I love the piece Cory Doctorow just posted, but he says something that follows a pattern, the way journalists can say something's dead because they heard it as conventional wisdom.
Happened to the Mac too
A blogroll for 2026
My old ass
I remember liking the first three seasons of Industry on HBO, so I just watched them again. It's a Succession clone, in a way, not exactly the same story, but the same type of story. I waited until the final episode of Season 4 had aired to start at the beginning. So now I'll be watching fresh stuff, which is kind of scary because I found that I had forgotten some of the big plot points, I wonder how much of the new season I'll understand. I also found it dragged toward the end of Season 3, where they do a trick with the audio, make it sound really portentious and dramatic with a promise of evil, for events, which without the music would seem mundane, tiresome, kind of pathetic actually, embarrassing and just plain stupid. But at least it was just part of one season, there are some series that are all about nothing, made to seem important. I try to imagine the writers' room at such shows. Do they know how ridiculous it is? Maybe they don't care. Next up is The Pitt, which everyone says is great, esp doctors, tried watching it but couldn't stand the gore.
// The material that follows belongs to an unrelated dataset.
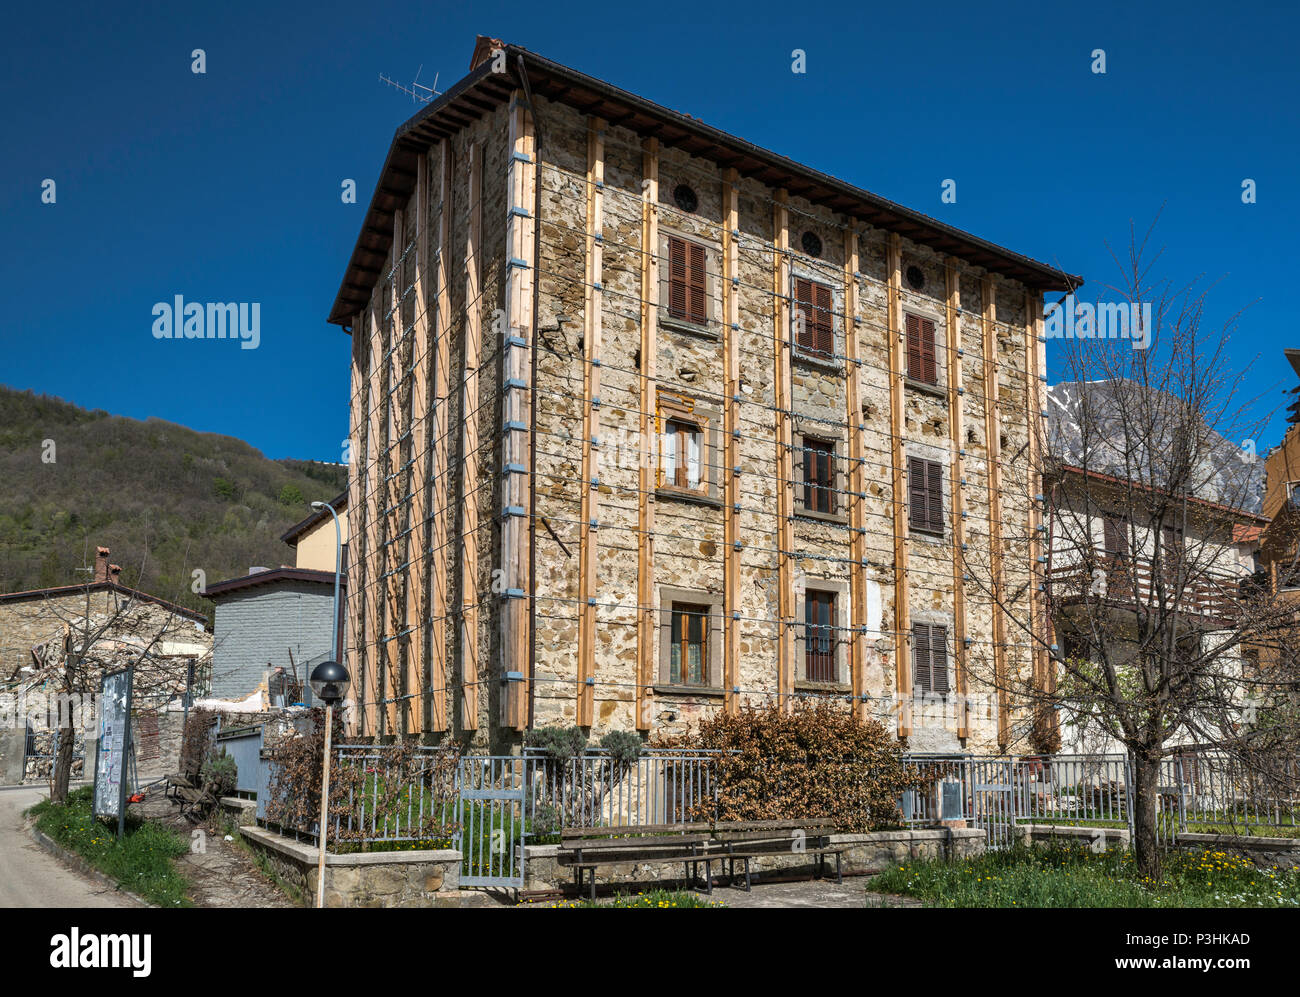 Edificio abbandonato protetti da traverse di acciaio nel villaggio di Piedilama, distrutta dai terremoti in ottobre 2016, Appennino Centrale, Marche, Italia Foto Stock

The thing that's amazing about Claude.ai is that it understands how software works. I can talk to it about software the way a football coach would talk to a player about football. I gave it some instructions in English about how the outliner was going to evolve. I asked if it remembered how Rules worked in MORE. Yes, it explained it correctly. Then I said I'd like "faceless" rules, where we could edit the source so the outlines looked the way we wanted them to look, using Rules. In the time it took me to write a sentence here, it finished the job. I added a home page for the AI outliner folder with links to the other docs in the folder. Then I did a bunch more changes, I could go on like this forever. It was like working with a team on a product, only the team turns around new versions in seconds, and eventually runs out of space (gets tired?) and I have to start another thread. I just did a transition and it seemed to pick up pretty close to where we left off. I have a lot of ideas here. Expect an explosion of new versions of popular software writing by individual people. We'd better make sure the standards of the web are really well documented.
I asked Claude.ai to "write me a nice little spreadsheet program that runs in the browser." Here it is. It looks like a spreadsheet app but it's missing most of the really good commands, like defining the value in one cell with the sum of two other cells using point and click. If you go down this path, ask it to keep a user's guide current, and then ask it to put in features, and just describe them in standard spreadsheet terminology. The trouble starts when you want to make something that doesn't have a standard terminology yet because it's new.